The draft score was completed by June 1934 but unfortunately it was lost on a train trip from Brighton to London Victoria – his briefcase was stolen or mislaid. Typically, he set to work straight away to recover lost ground. He did not try to reconstruct the work from memory but effectively created a new work using what themes and progressions he could recall from the original. The ‘new’ work was finished in the summer of 1935 and was initially called Violin Concerto No.2. It was subtitled ‘The Heroic’ which aptly summed up the effort Brian put into creating this masterpiece. Eventually the composer dropped the No.2 and the name and it became known as Violin Concerto in C major.

It is superfluous to describe the musical progress of this work. The programme notes give a detailed analysis of each movement and the listener can peruse this at leisure. Furthermore it is difficult to try to say what the work sounds like. All sorts of allusions spring to mind. And one of my criticisms of the Brian’s music is that it can sometimes be a little too eclectic. One minute we are reminded of Elgar, then the next Schoenberg and perhaps a few bars later Shostakovich. But at the end of the day the end result is typically Havergal Brian.
The work is in three movements – two ‘allegros’ sandwich a ‘passacaglia’. On my first hearing, I felt that the work seemed unbalanced, but with further hearings it fell into place for me. The equilibrium between the soloist and the orchestra, which can ruin many a good concerto, seems just about right.
One of Havergal Brian’s fingerprints is the tensions in his use of musical language. Much of this work is quite obviously tonal – yet, suddenly he pushes towards an atonality that would have made Ligetti proud! Some of his ‘tunes’ are diatonic and nod towards folk-music but others suggest the breakdown of the key signature. Some melodies could be whistled by the proverbial ‘butcher’s boy on his bicycle’ – others would seem to defy analysis. Often Brian’s harmonies are conventional sometimes they are harsh. Yet the balance is always right. He never loses the plot.

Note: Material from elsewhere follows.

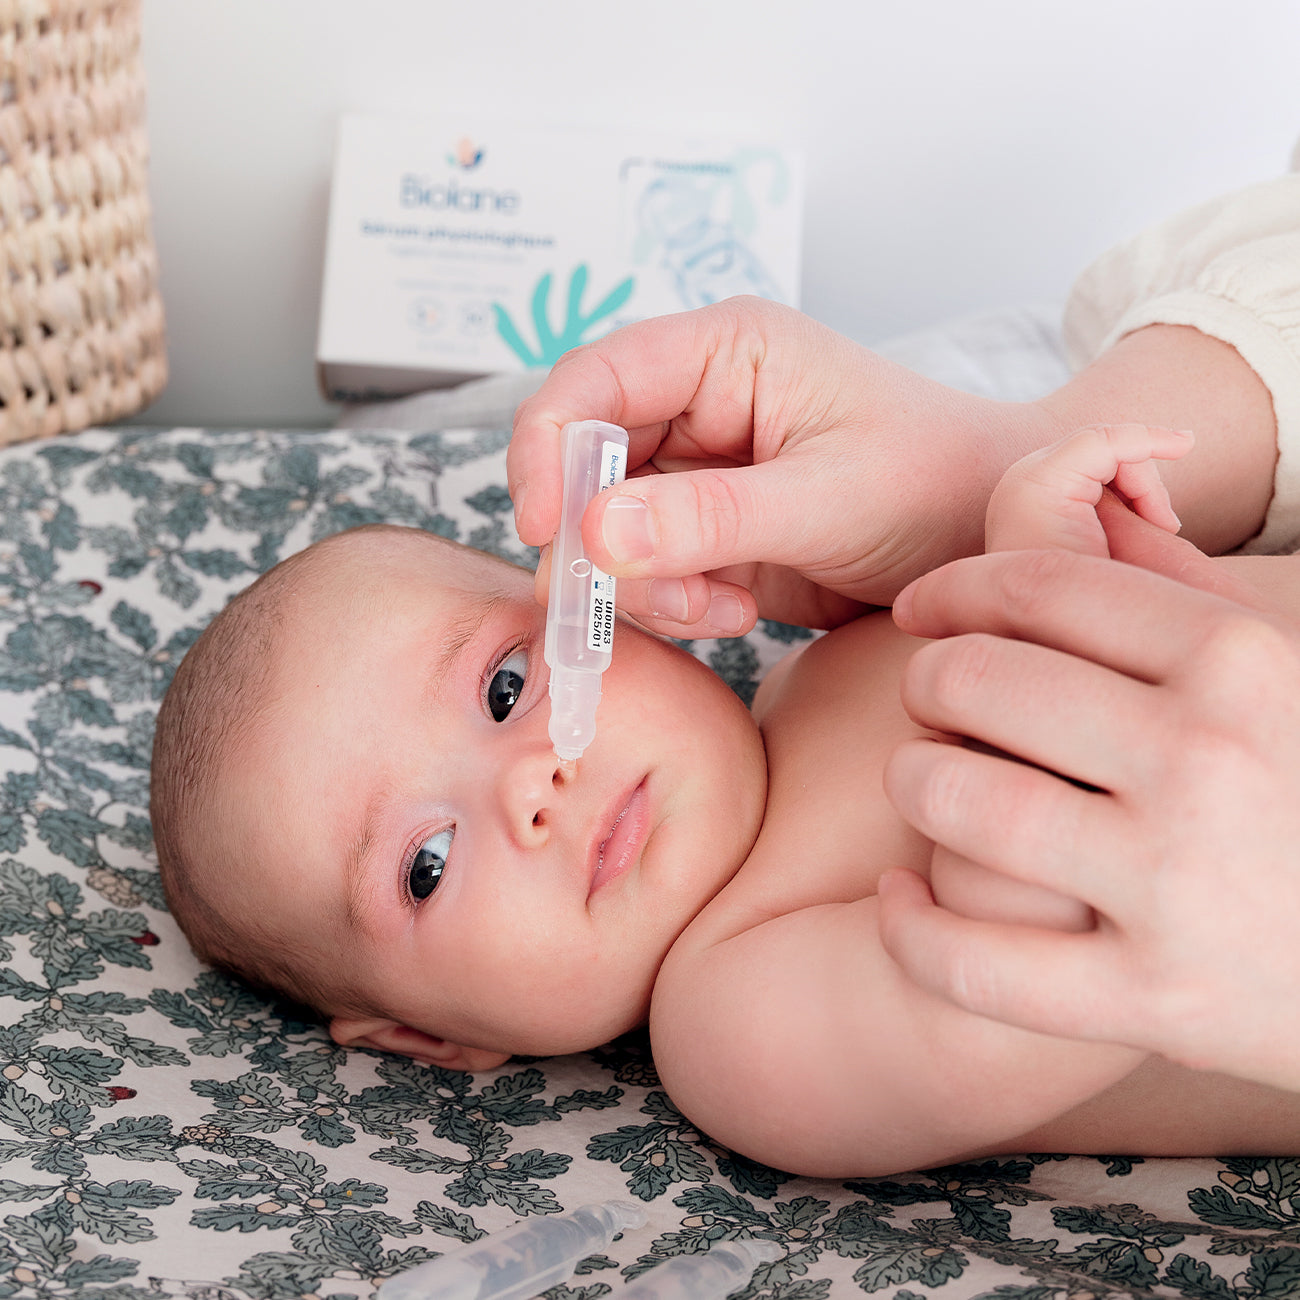 Humer Mouche Bébé: évacuer les sécrétions nasales des narines du bébé

The greatness of this Violin Concerto lies in the well-contrived tension between competing elements and styles. There is an overt simplicity about much of this music that harks back to a more pastoral age, yet some of the more complex passages owe more to Berg and Schoenberg than to English folk song. Much of this concerto is intense, probing the very heart of music and perhaps life itself. This is expressly so in the Lento. Sometimes there is a serenity that lulls the listener into a false sense of security. Occasionally the music appears naïve – there is a passage in the last movement that is almost childish. Yet the balance remains; the equilibrium is never lost. The artistic integrity is never misplaced.

The final recommendation for this work is the blatantly obvious fact that Brian has used the great romantic concertos of the past as models. Of course he knew the Elgar and the Dvorak and the Tchaikovsky. He has not copied or even parodied any of these works. What he has done is learnt the lessons of their style and their balance and created a masterpiece in his own right.
Havergal Brian’s Violin Concerto is available on NAXOS 8.557775

1 comment:

Laurence Hughes said...

I have long been fascinated by Brian's music - ever since the performance of the Gothic I went to as a school boy! Having listened to quite a lot of his work I do feel that specially with his later music he suffered greatly from composing rather in a vacuum and in particular not having the important self-critical 'feedback' that comes from actually hearing things performed by live musicians rather than it all existing in your head. However, I don't know this violin concerto, but if as you say it really bears comparison with the Elgar and Walton, then I certainly must hear it!